As you say, pad area helps with fade resistance (or can, anyway). By itself, however, pad area does nothing to improve braking torque. Brakes follow the "classic" friction model, in which area of contact is NOT a factor. Only force of contact and the coefficient of friction between the two materials (pad and rotor) matters. If you pressed a pencil point made of brake pad material against a rotor with the same force, you'd get the same amount of braking torque, as you would with a huge pad. The difference is the pencil point would wear very rapidly. I've seen some racers attempting to solve a brake balance problem by milling away some amount of pad material to "reduce the braking". All they end up doing is wearing out those pads faster, and often causing fade by heating up the remaining material too fast. This does end up reducing the braking, but is obviously not the ideal way to do this.

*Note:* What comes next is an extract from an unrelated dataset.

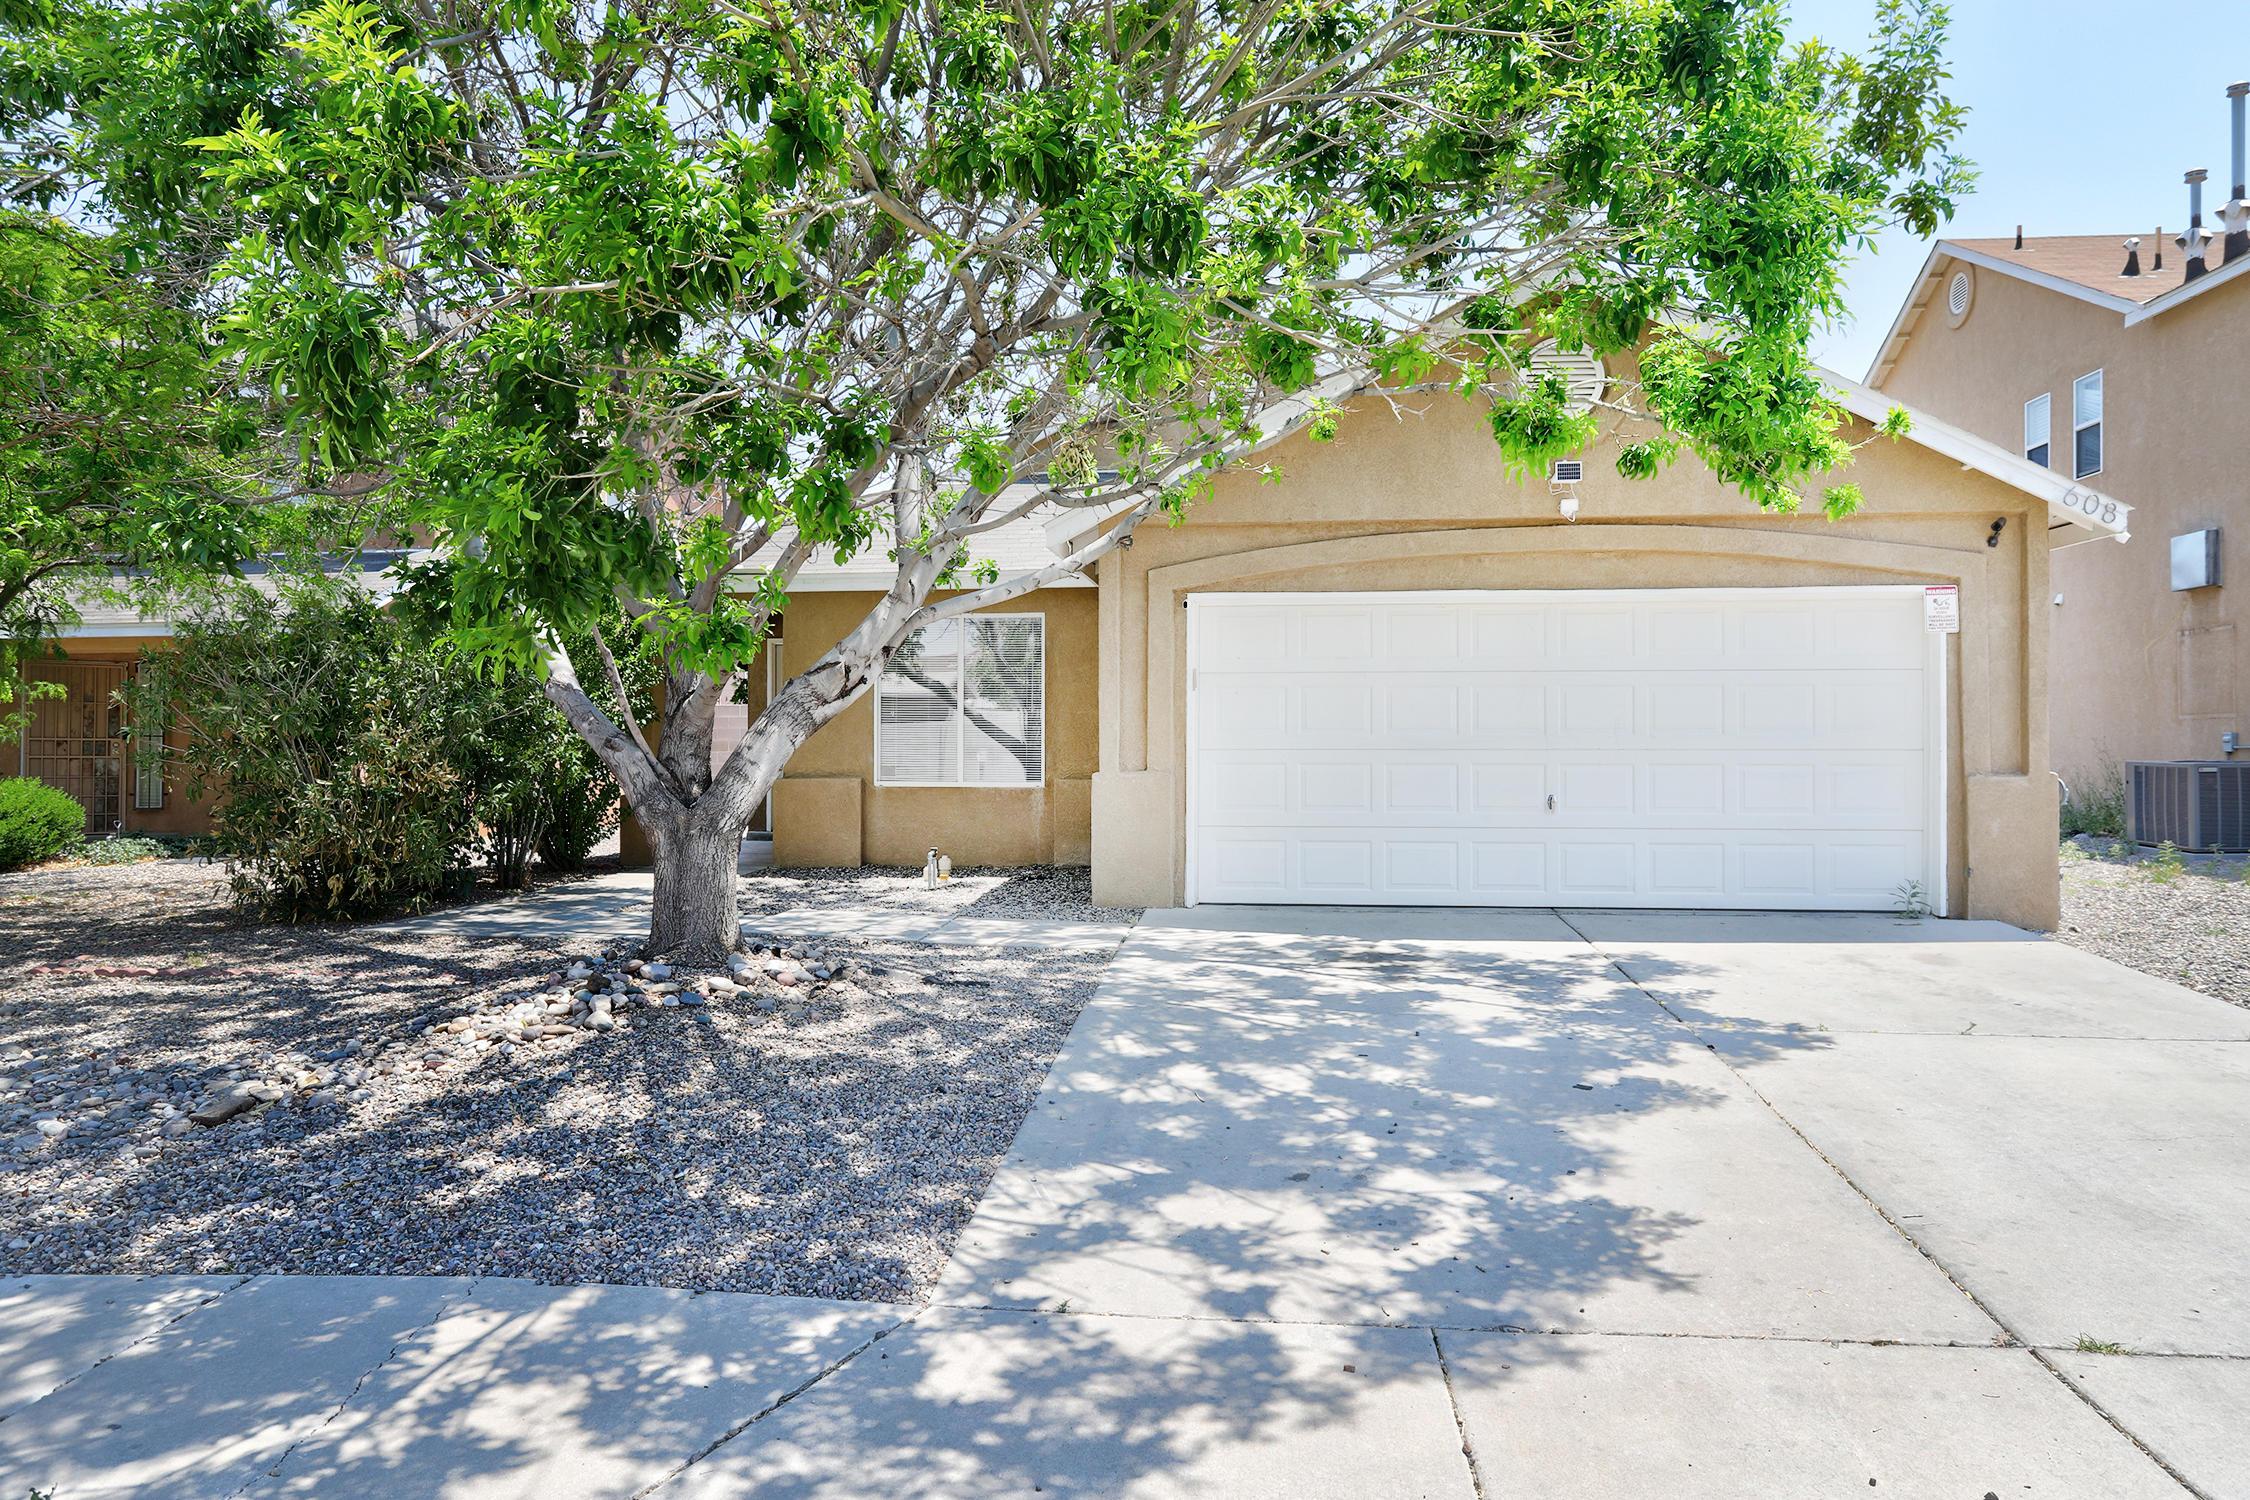 608 LONE PINE Drive, Albuquerque NM 87121

Now, there are also leverage effects at play here. If you apply the force farther from the axis of rotation, you get more braking torque for the same amount of braking force. Look at any recent sportbike front brakes and you see an excellent application of this idea: a thin, annular ring of brake rotor well away from the hub, held there with a spidery "hat". This ring requires a long, thin pad to get adequate (for wear and fade resistance) area, so you need a long, thin multi-piston caliper to squeeze that pad, or you need a thick, rigid (and heavy) backplate for the pad to spread the load for you.
Joe's problem is just one of shedding heat, so there's no need for bigger calipers and/or bigger caliper pistons. Bigger pads would help some, ducting air will likely help a lot, vented rotors would help a great deal.